## Problem statement
Transcribe the listing exactly, skipping every picture.

## Given information

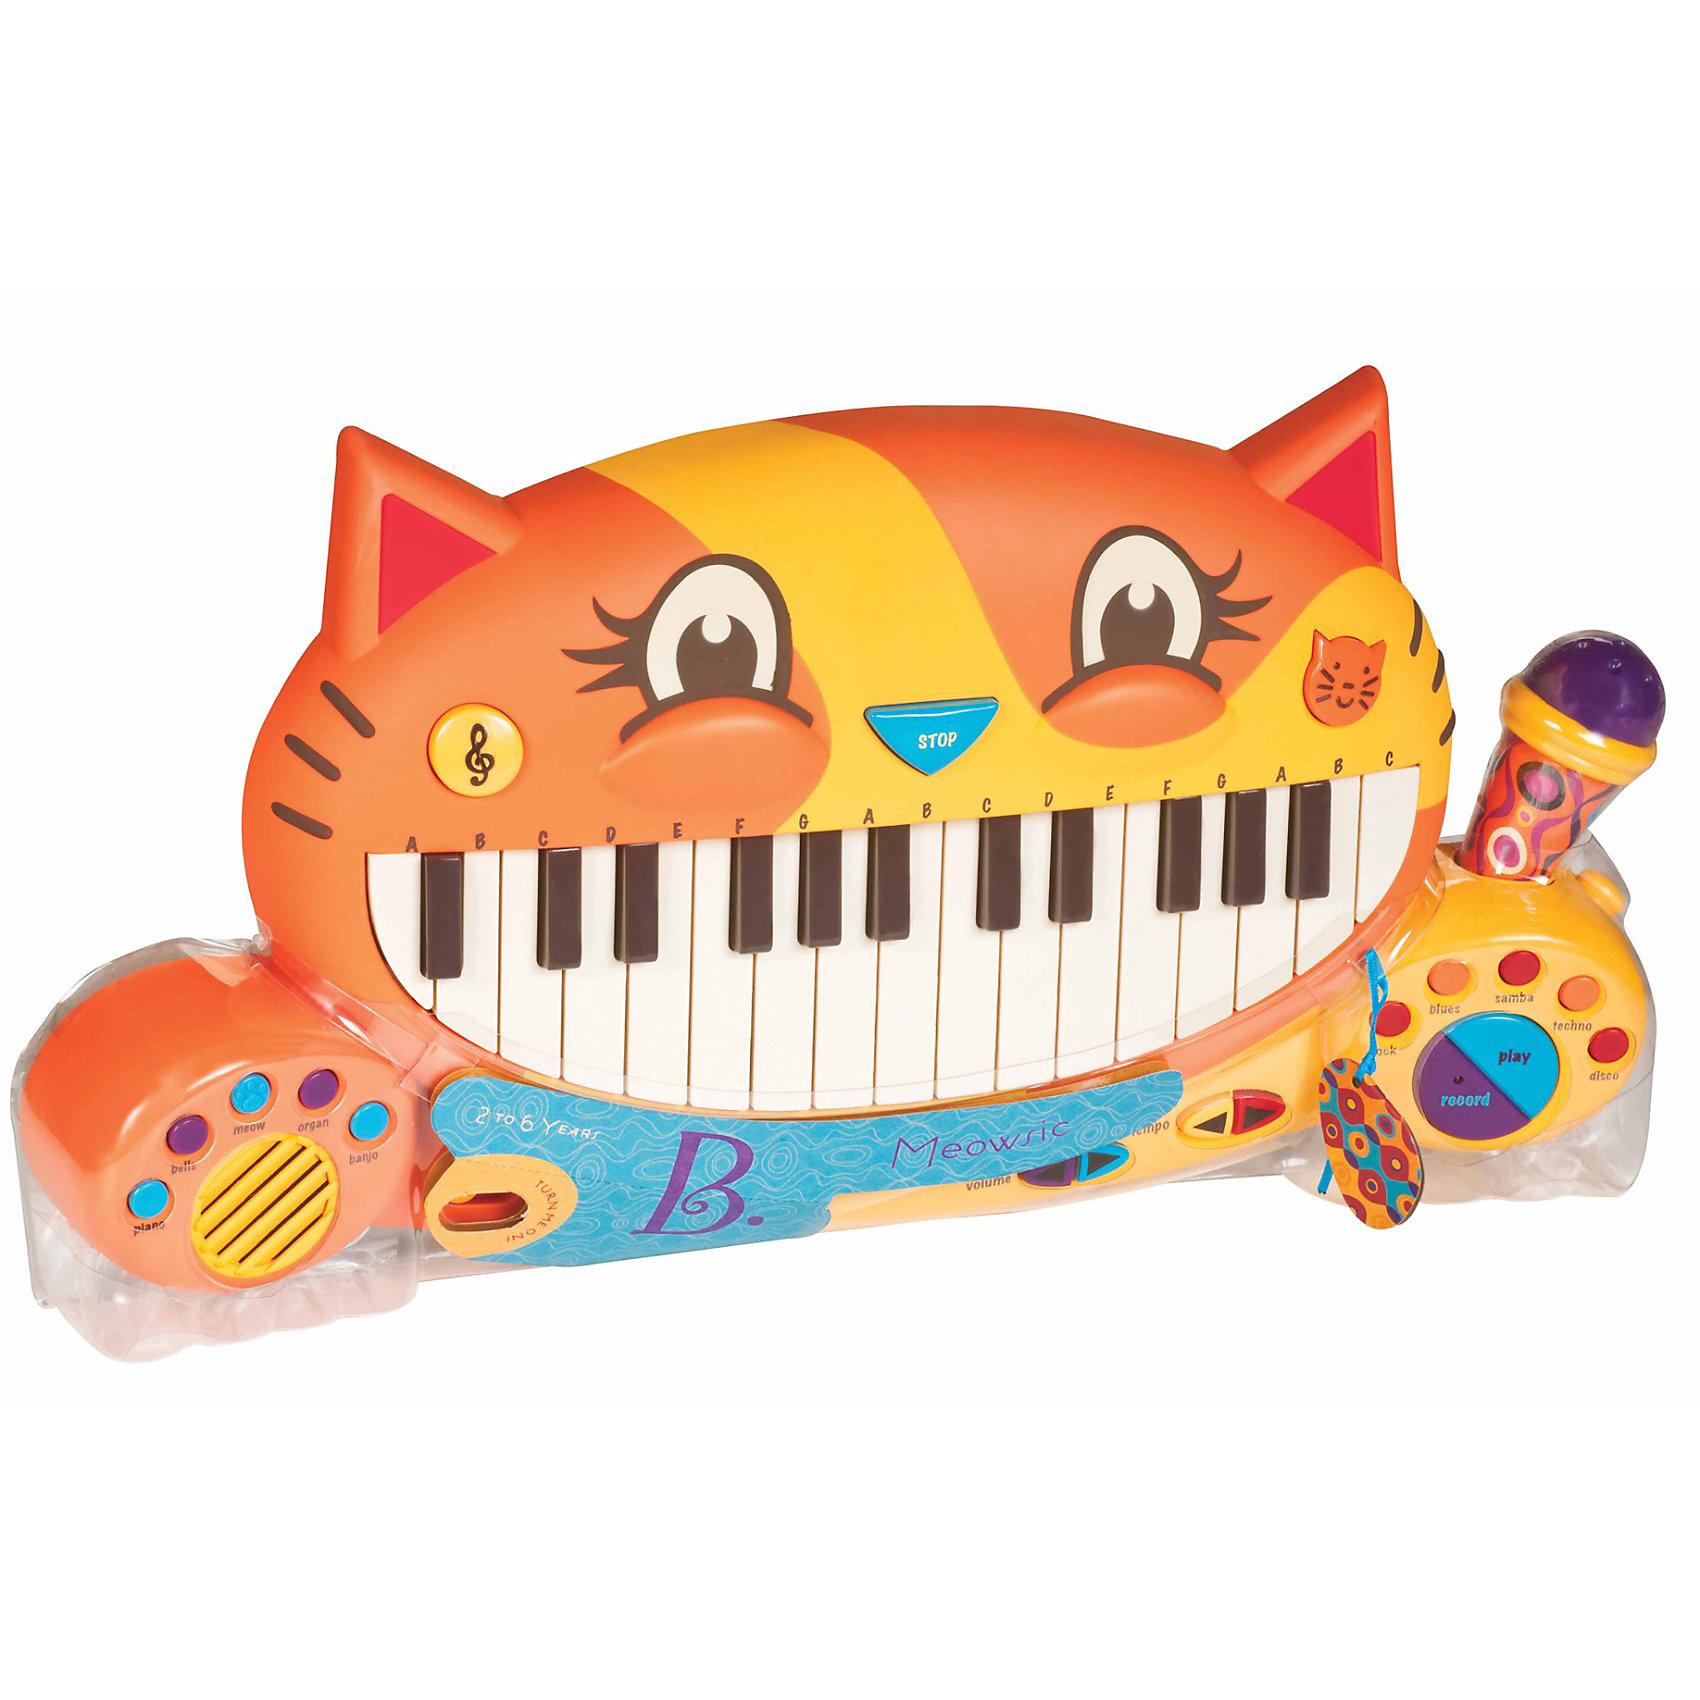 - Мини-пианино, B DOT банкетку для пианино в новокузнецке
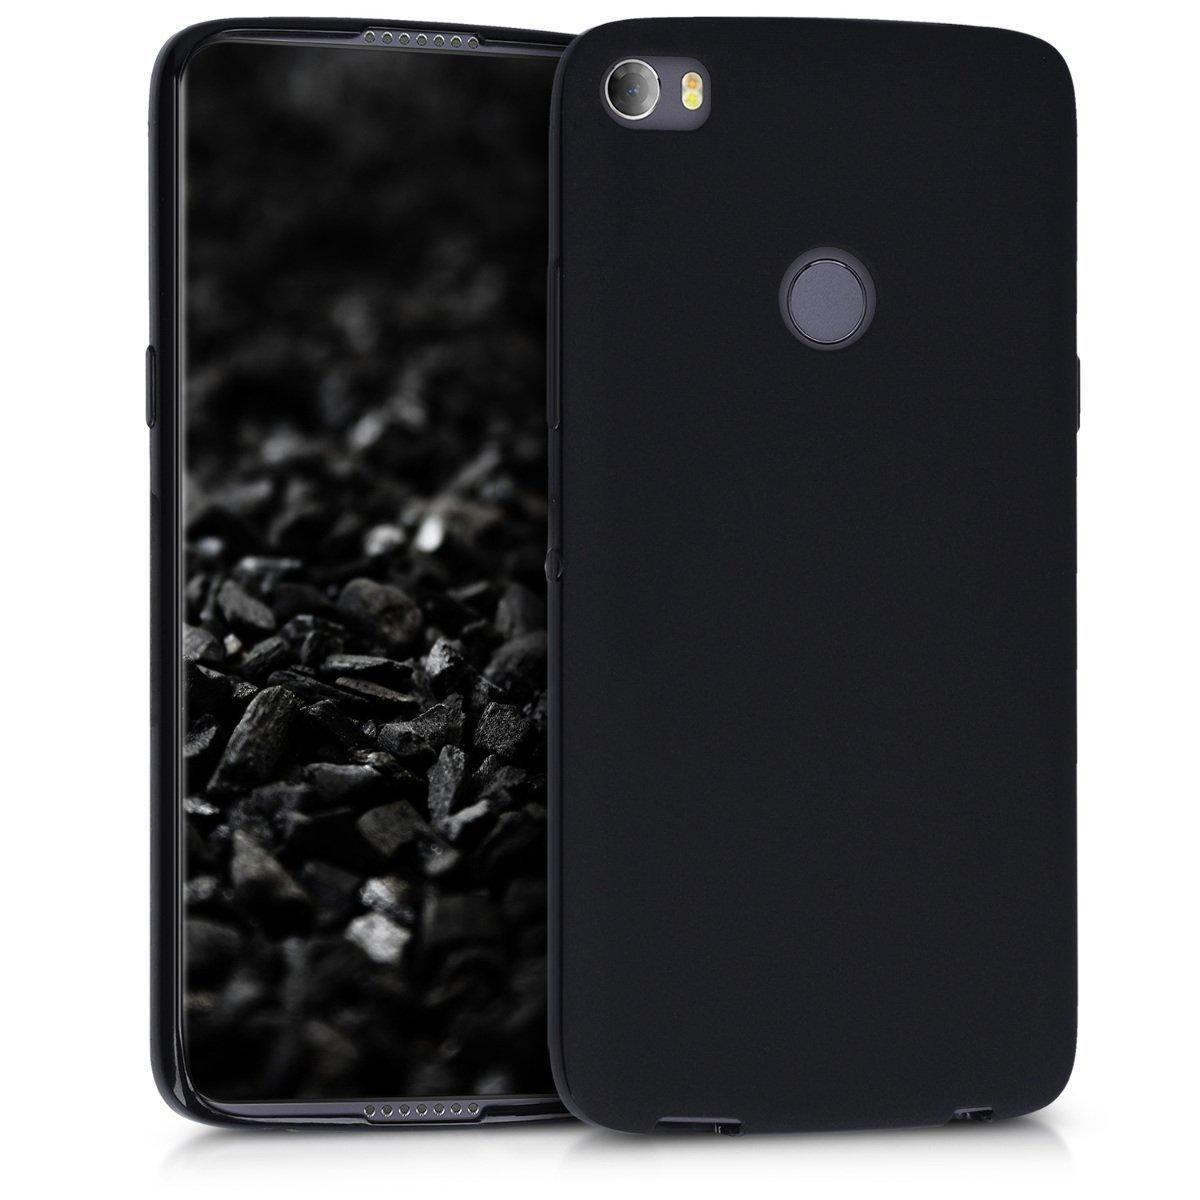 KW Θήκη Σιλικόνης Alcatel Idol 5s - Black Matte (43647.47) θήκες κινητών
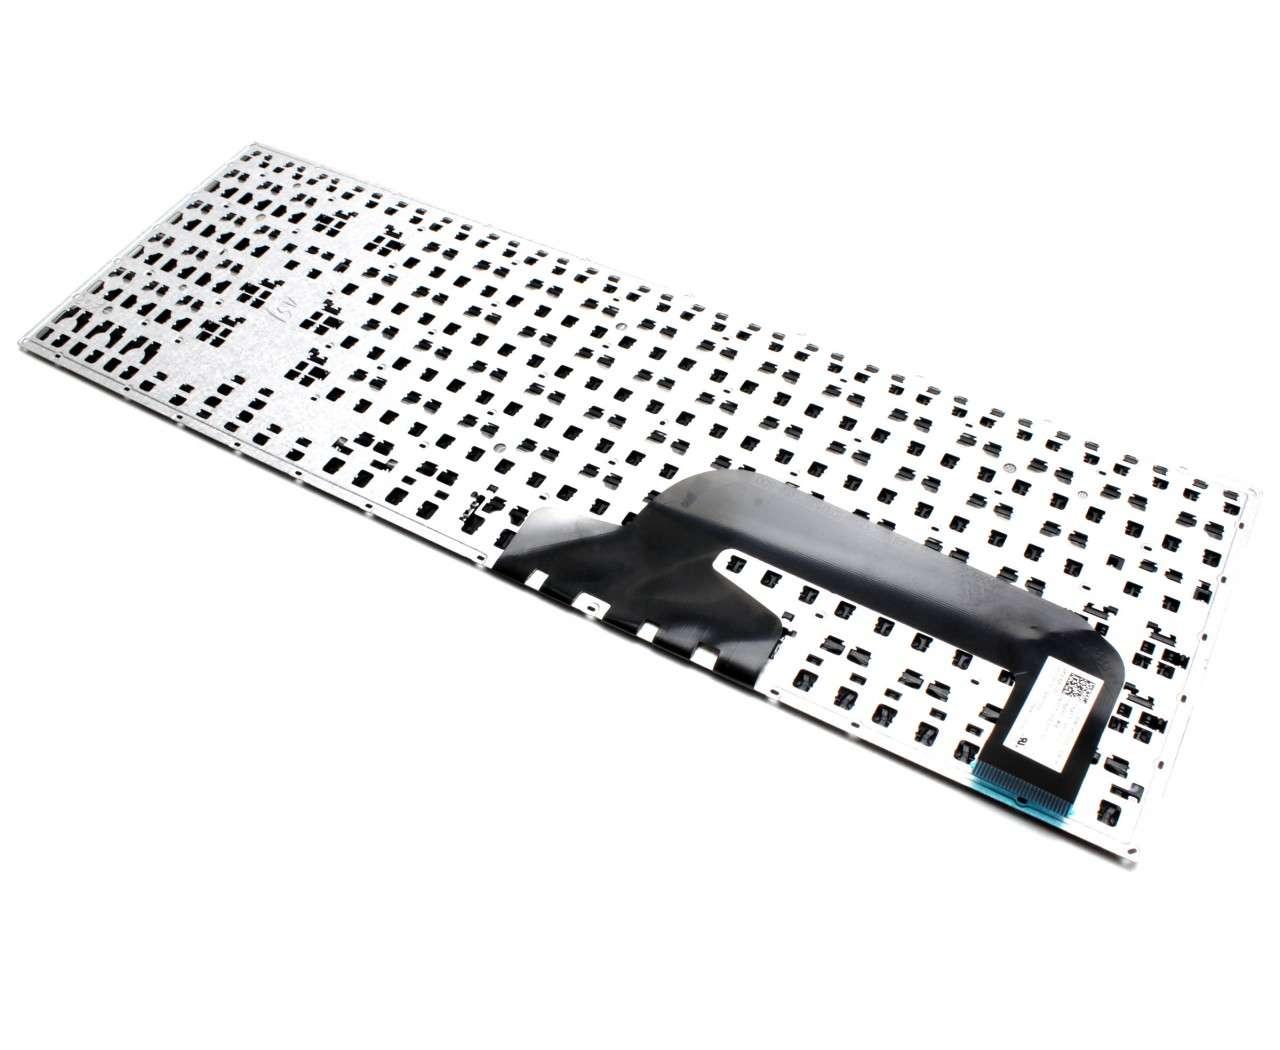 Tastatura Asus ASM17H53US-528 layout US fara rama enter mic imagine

## Reply to the task
 - Мини-пианино, B DOT банкетку для пианино в новокузнецке
 KW Θήκη Σιλικόνης Alcatel Idol 5s - Black Matte (43647.47) θήκες κινητών
 Tastatura Asus ASM17H53US-528 layout US fara rama enter mic imagine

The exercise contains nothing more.